Description
In this article, I am going to explain and write vbscript code to Disable Active Directory user account using user’s objectguid, samAccountName and distinguishedname and also Disable Bulk AD Users from CSV File using vbscript.
Note: You should run this vbscript code on a machine with windows Active Directory domain.
Summary
- VBScript to Disable AD User Account by DN
- VBScript to Disable AD User by ObjectGUID
- VBScript to Disable AD User by samAccountName
- VBScript to Disable Bulk AD Users from CSV file
VBScript to Disable Active Directory user by DistinguishedName
1. Copy the below example VBScript code and paste it in notepad or a VBScript editor.

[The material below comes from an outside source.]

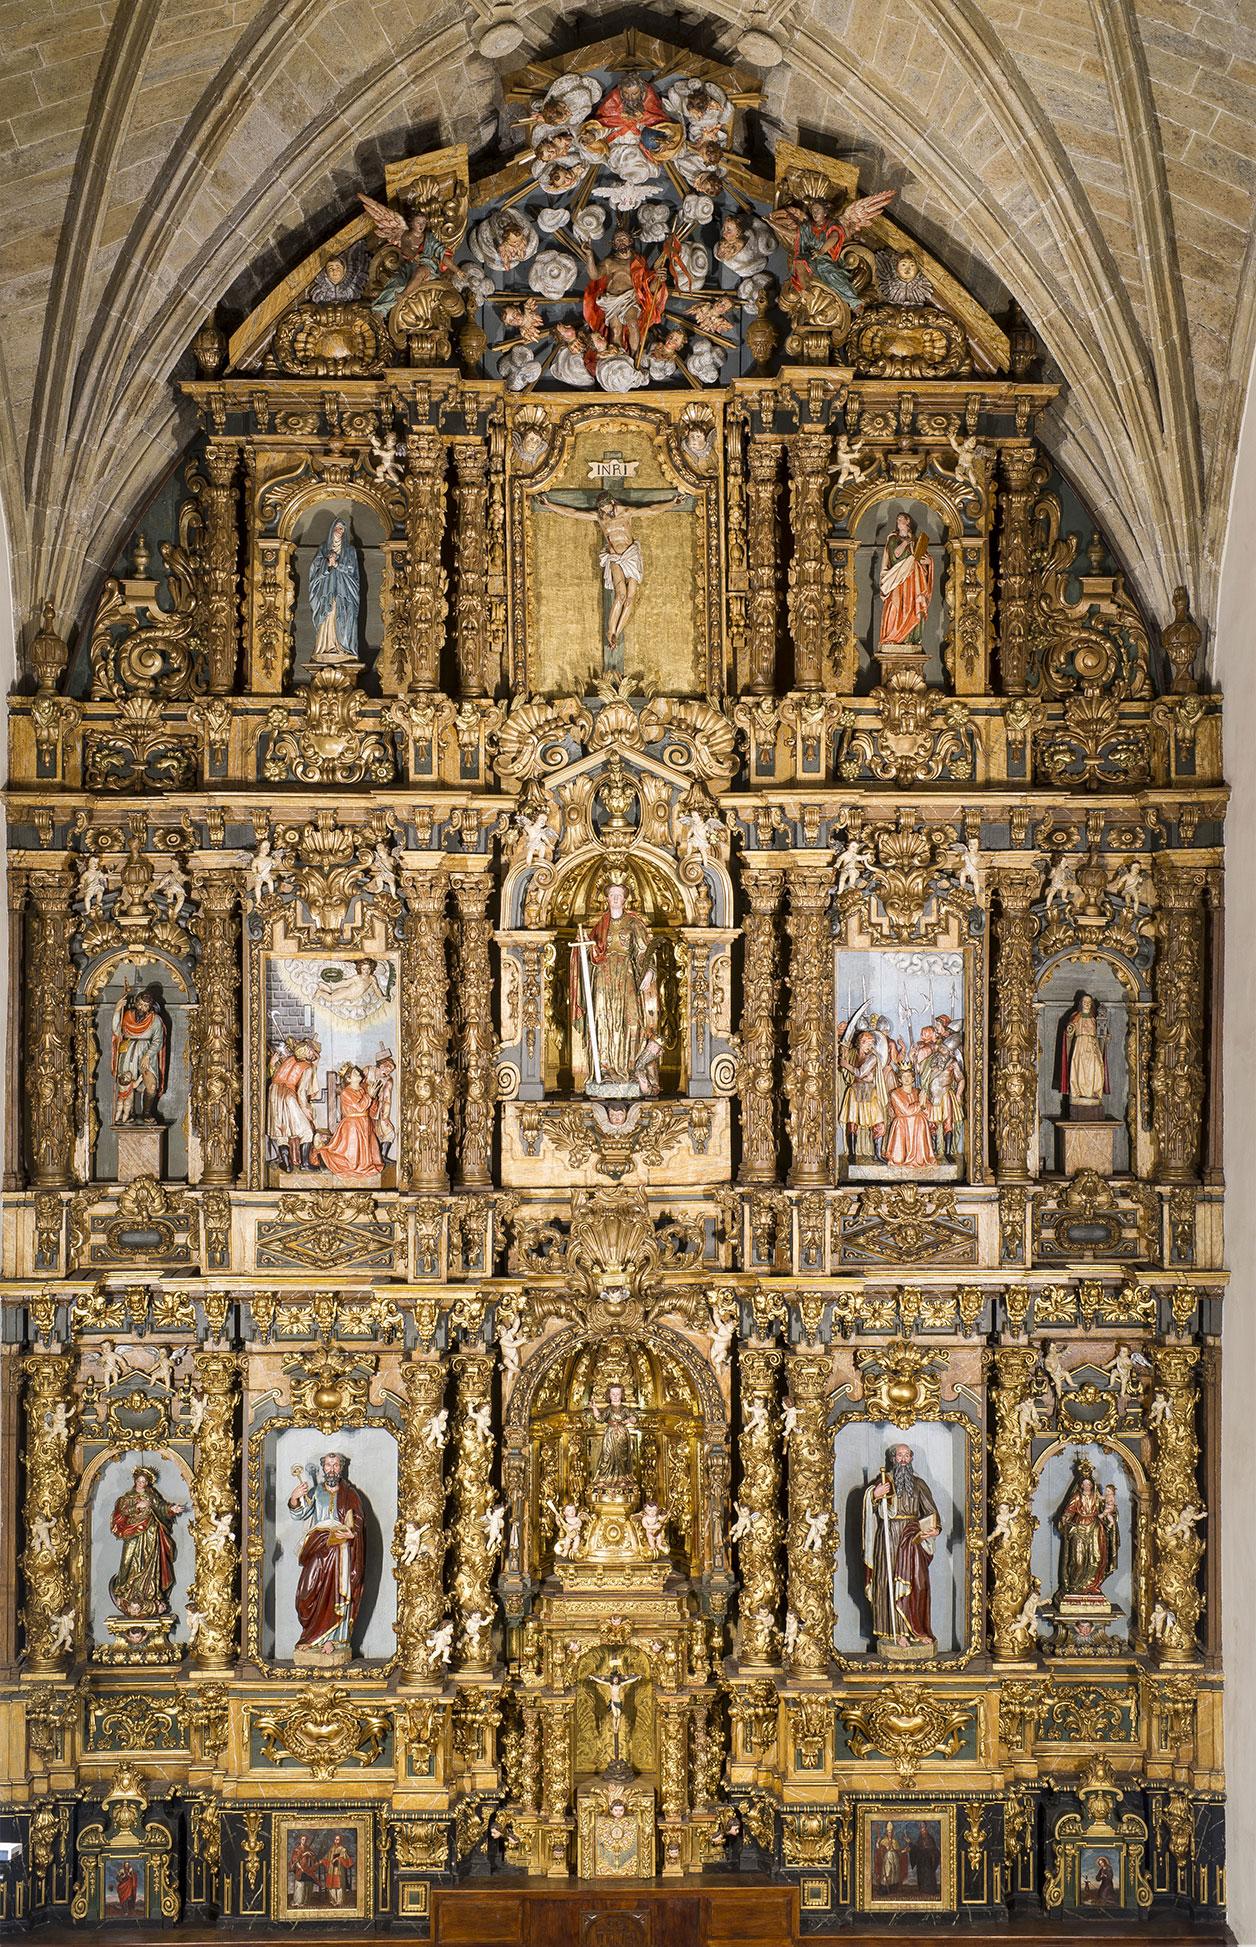 Restauration, zaharberritzea. Donostia- San Sebastián, Gipuzkoa, Pyrénées-Atlantiques, Navarra

2. Change the value for strUserDN with your own user’s DN which you are going to disable.
3. Save the file with a .vbs extension, for example: Disable-AD-User.vbs
4. Double-click the vb script file (or Run this file from command window) to disable AD user.
' Disable-AD-User.vbs
' Sample VBScript to disable Active Directory user
' Author: https://www.morgantechspace.com/
' ------------------------------------------------------'
Option Explicit
Dim strUserDN
Dim objUser
strUserDN= "CN=TestUser,OU=TestOU1,DC=MyDomain,DC=Com"
Set objUser = GetObject("LDAP://"& strUserDN)
objUser.AccountDisabled = True
objUser.SetInfo
MsgBox("AD user disabled successfully using VBScript code.")
WScript.Quit
VBScript to Disable Active Directory user using by ObjectGUID
1. Copy the below example VBScript code and paste it in notepad or a VBScript editor.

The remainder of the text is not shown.